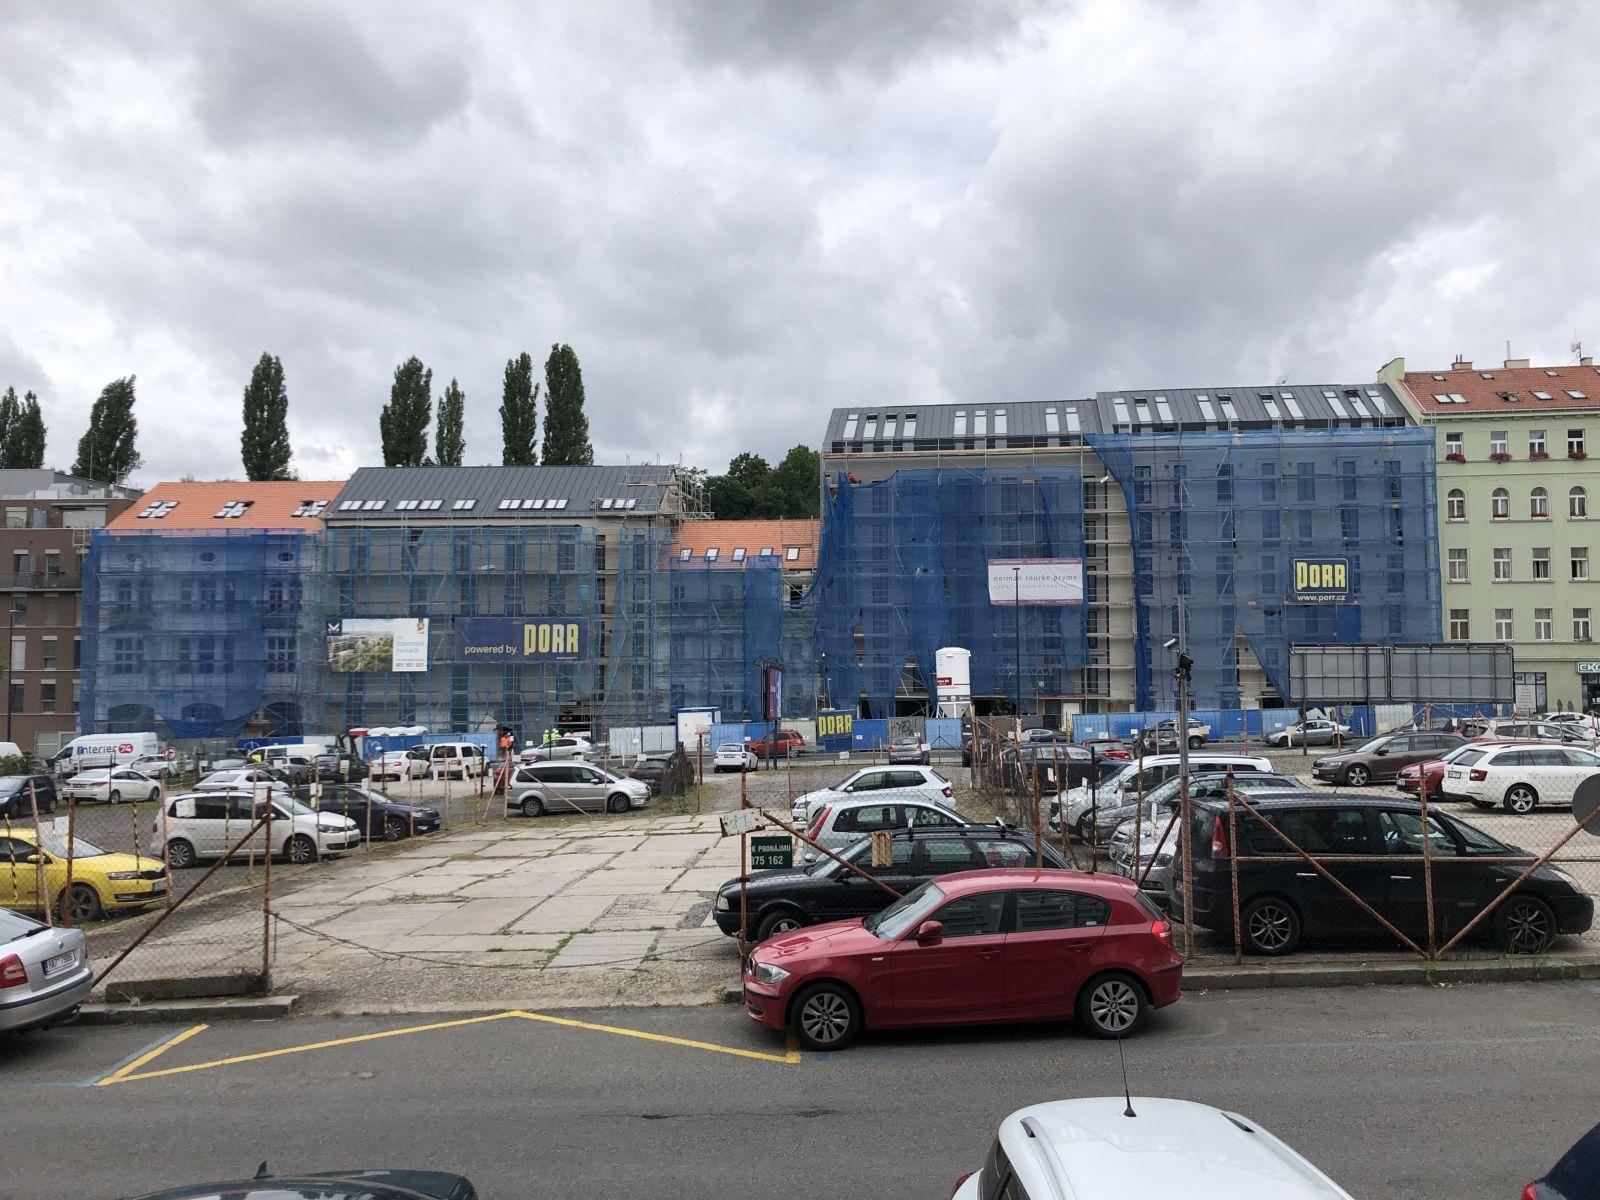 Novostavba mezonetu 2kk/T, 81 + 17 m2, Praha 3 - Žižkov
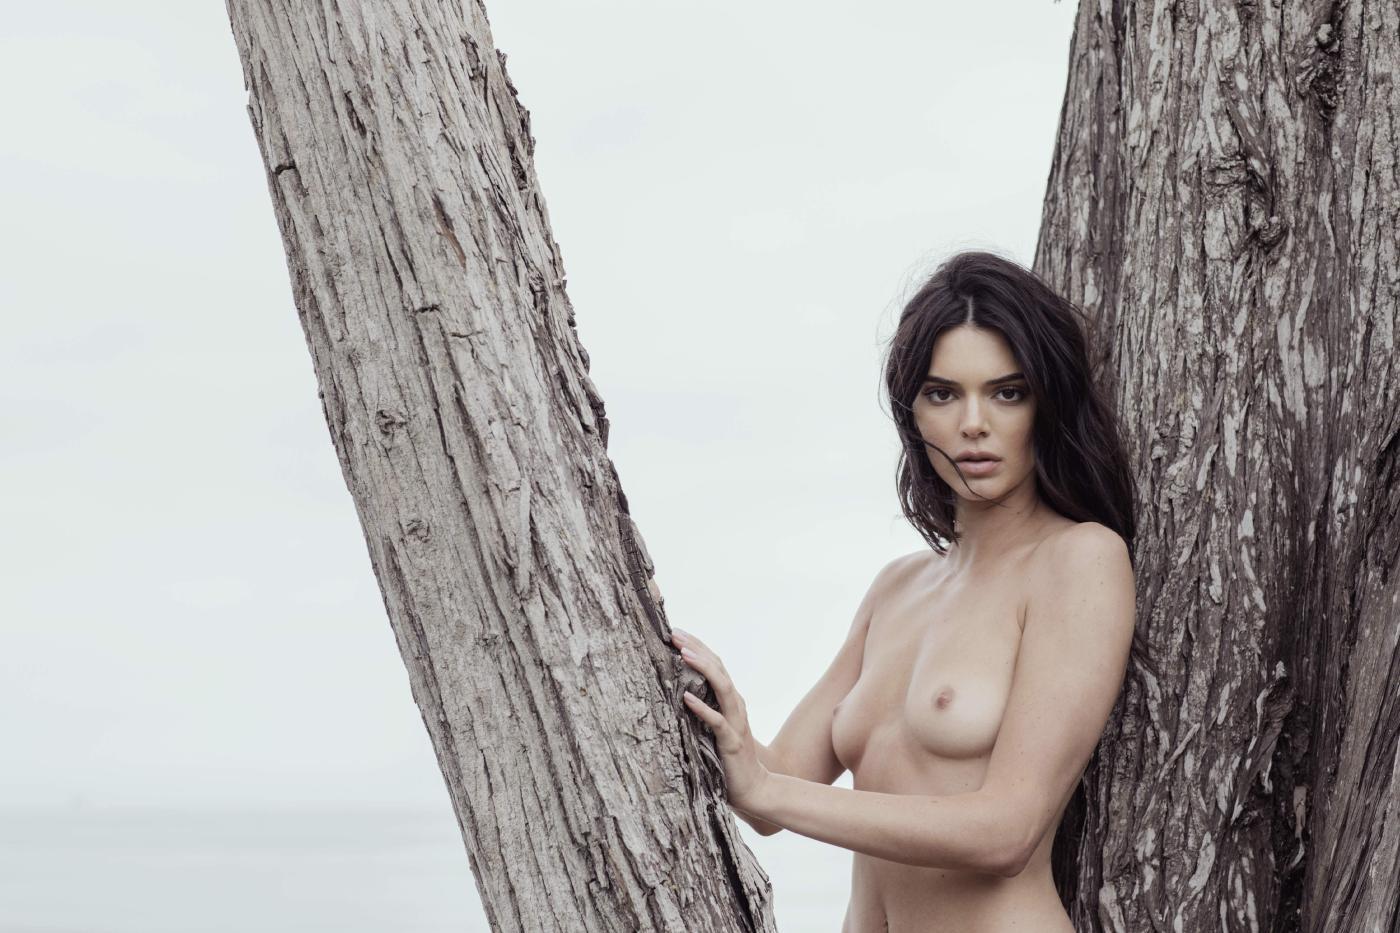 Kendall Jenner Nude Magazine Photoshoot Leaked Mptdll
==
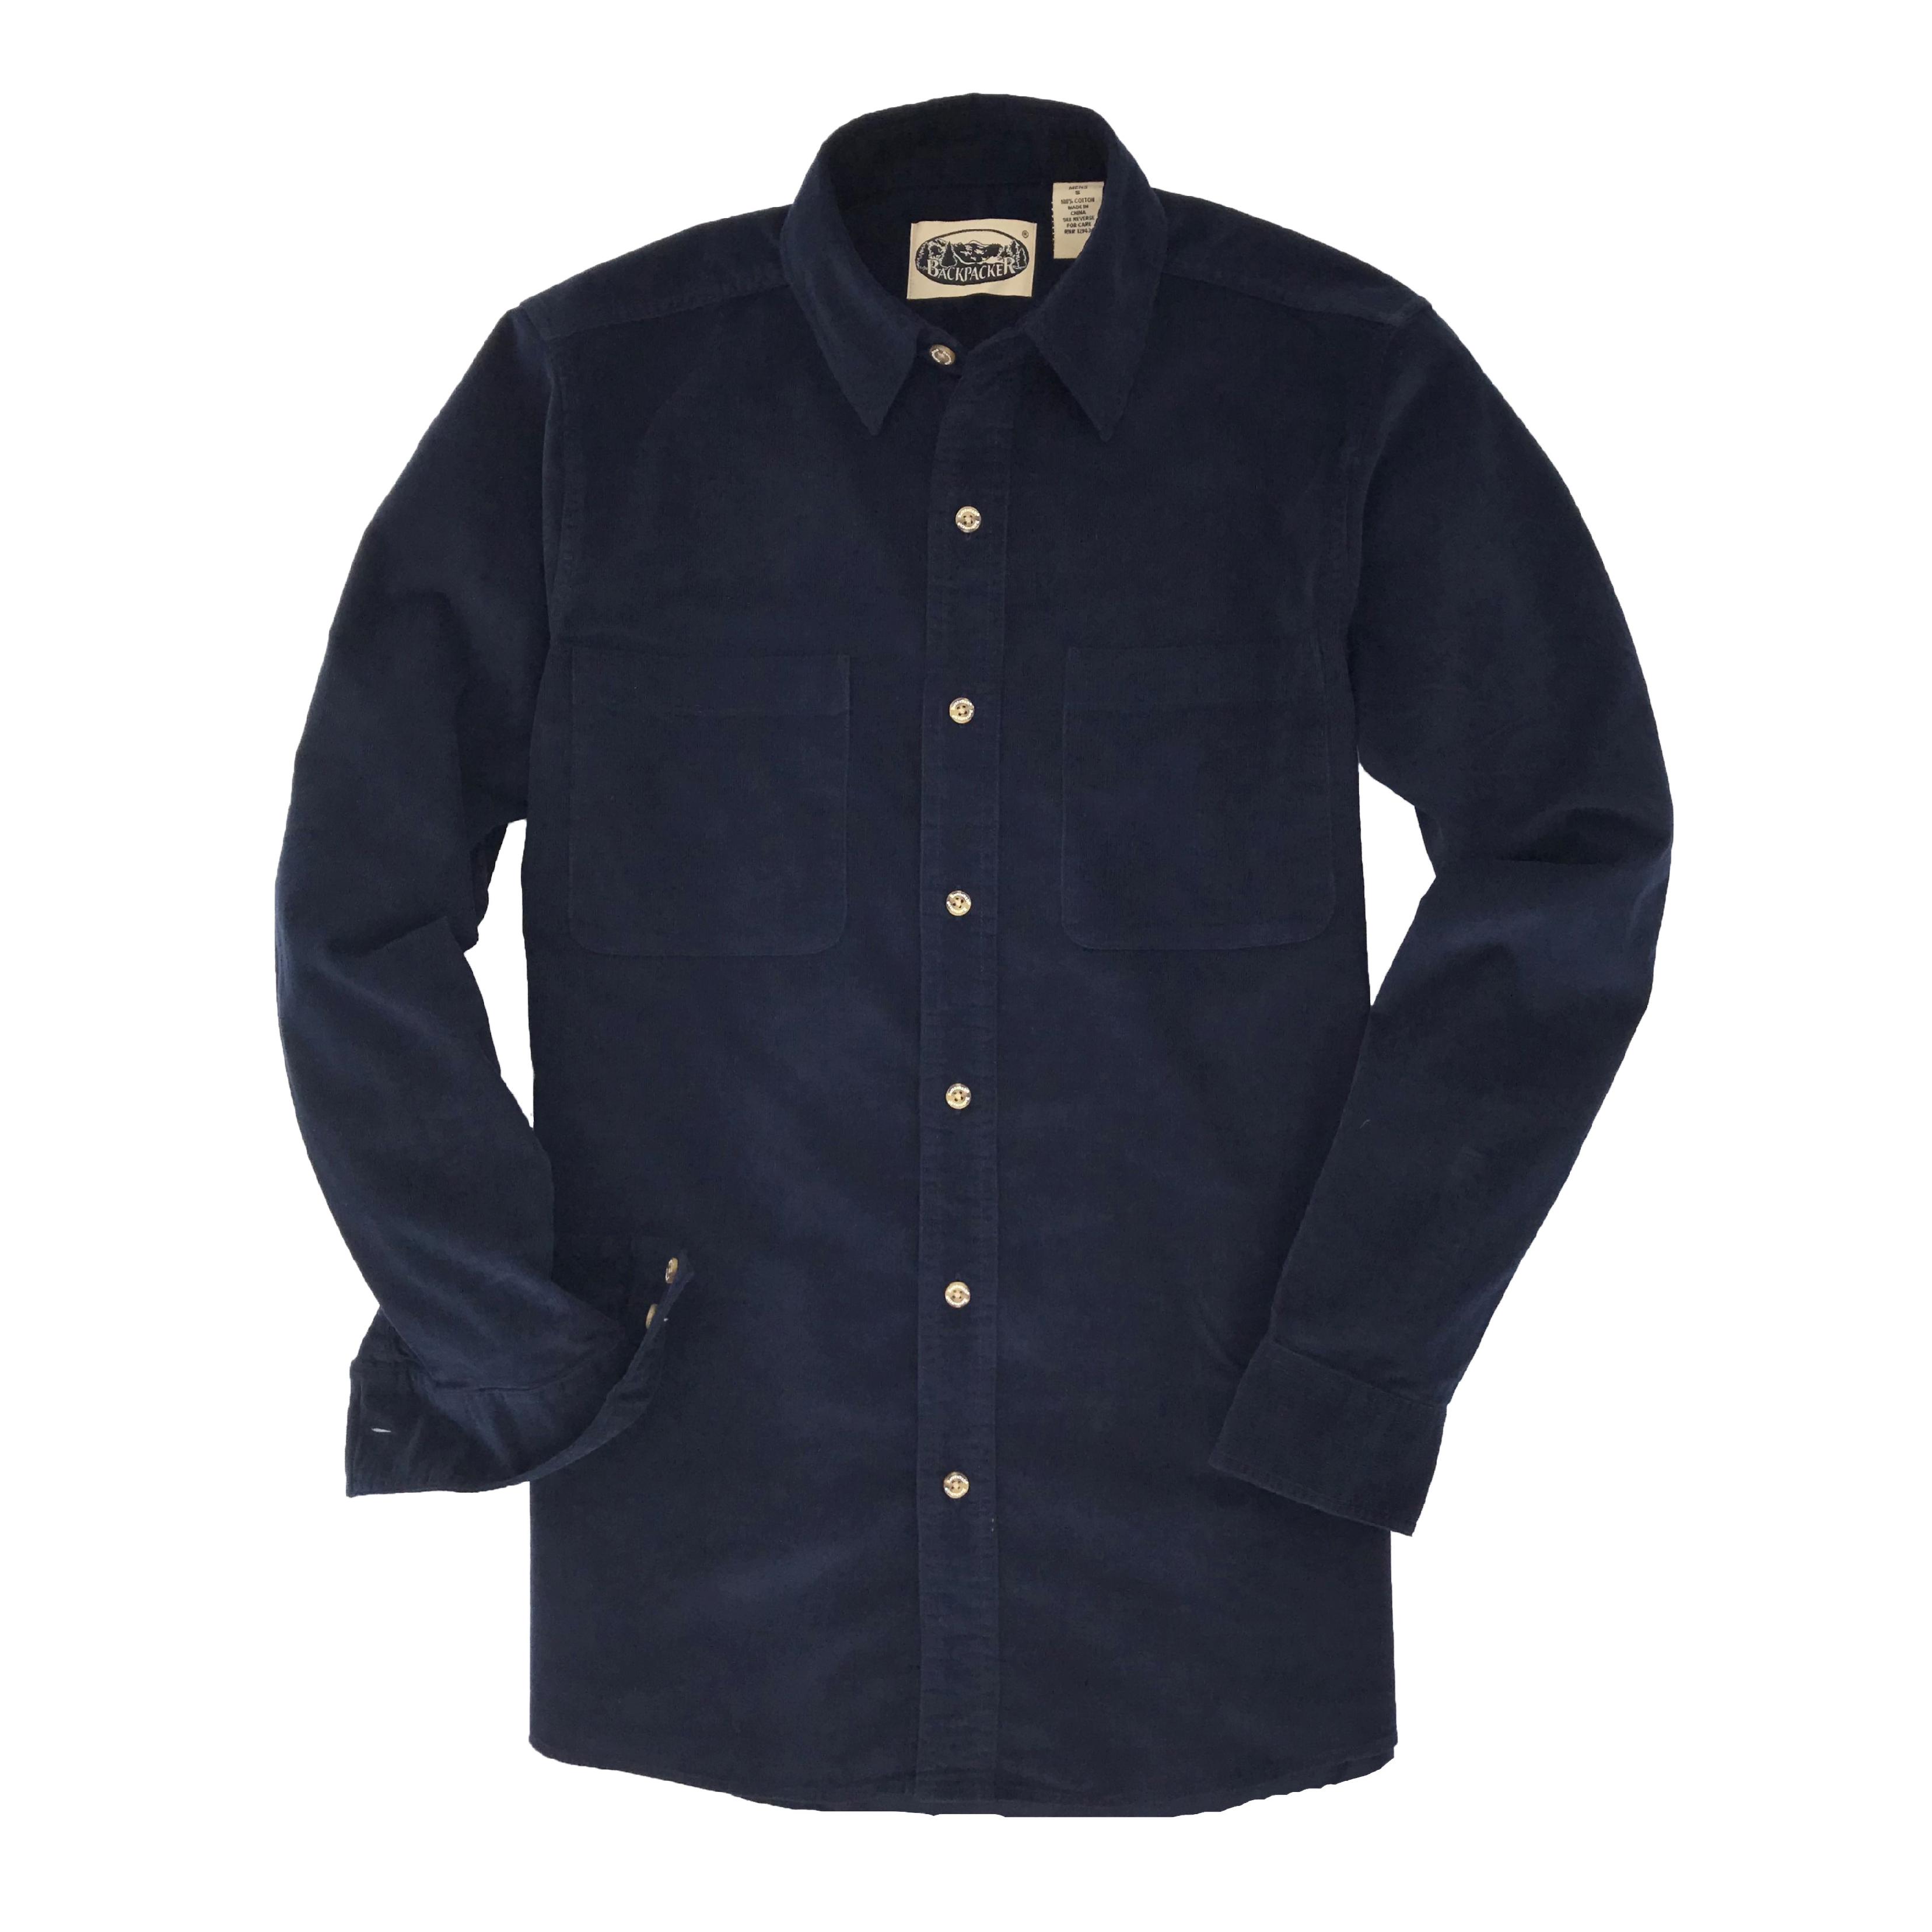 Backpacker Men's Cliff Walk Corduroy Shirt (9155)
--
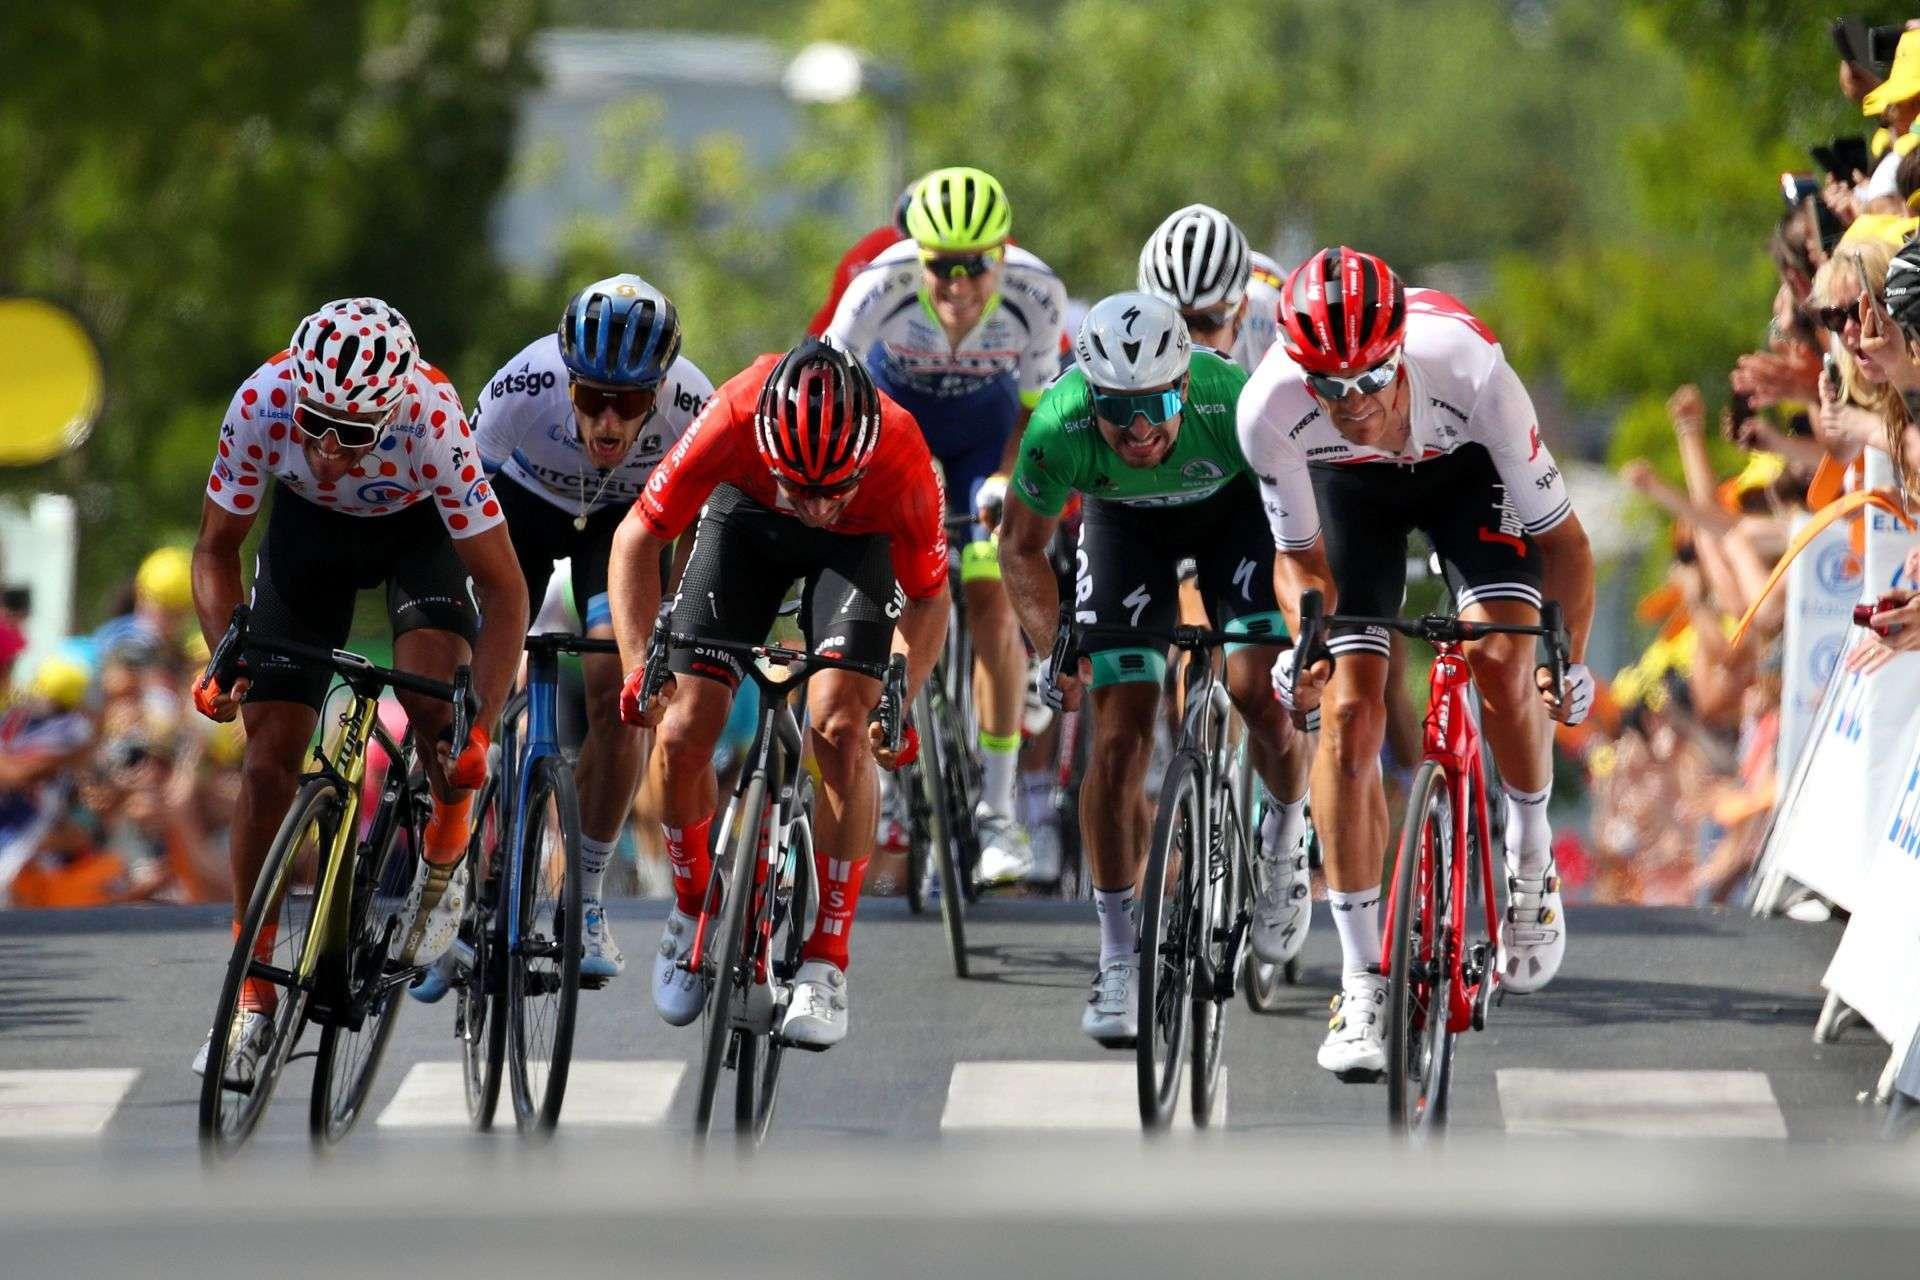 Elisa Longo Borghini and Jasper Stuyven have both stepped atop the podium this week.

ASSIGNED TASK – Transcribe only the lines above that start at the line containing "Novostavba mezonetu 2kk/T, 81" and end at the line containing "Kendall Jenner Nude". Omit pictures.

RESPONSE TO THE TASK –
 Novostavba mezonetu 2kk/T, 81 + 17 m2, Praha 3 - Žižkov
 Kendall Jenner Nude Magazine Photoshoot Leaked Mptdll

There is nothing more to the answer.